→ TASK MATERIAL

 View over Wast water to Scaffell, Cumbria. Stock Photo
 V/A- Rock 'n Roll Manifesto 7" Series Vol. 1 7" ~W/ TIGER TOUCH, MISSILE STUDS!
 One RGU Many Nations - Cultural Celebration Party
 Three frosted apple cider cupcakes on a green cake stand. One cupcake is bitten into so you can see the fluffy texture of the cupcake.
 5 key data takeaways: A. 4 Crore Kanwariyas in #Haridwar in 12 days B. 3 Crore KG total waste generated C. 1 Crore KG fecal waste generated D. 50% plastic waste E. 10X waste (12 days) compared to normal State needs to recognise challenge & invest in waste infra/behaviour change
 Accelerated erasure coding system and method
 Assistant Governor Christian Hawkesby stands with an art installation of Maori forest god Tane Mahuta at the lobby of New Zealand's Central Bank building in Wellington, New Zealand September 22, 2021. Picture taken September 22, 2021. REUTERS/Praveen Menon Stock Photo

→ WHAT THE TASK ASKS
Across the material, report every line that has the word "Photo".

→ SOLUTION
 View over Wast water to Scaffell, Cumbria. Stock Photo
 Assistant Governor Christian Hawkesby stands with an art installation of Maori forest god Tane Mahuta at the lobby of New Zealand's Central Bank building in Wellington, New Zealand September 22, 2021. Picture taken September 22, 2021. REUTERS/Praveen Menon Stock Photo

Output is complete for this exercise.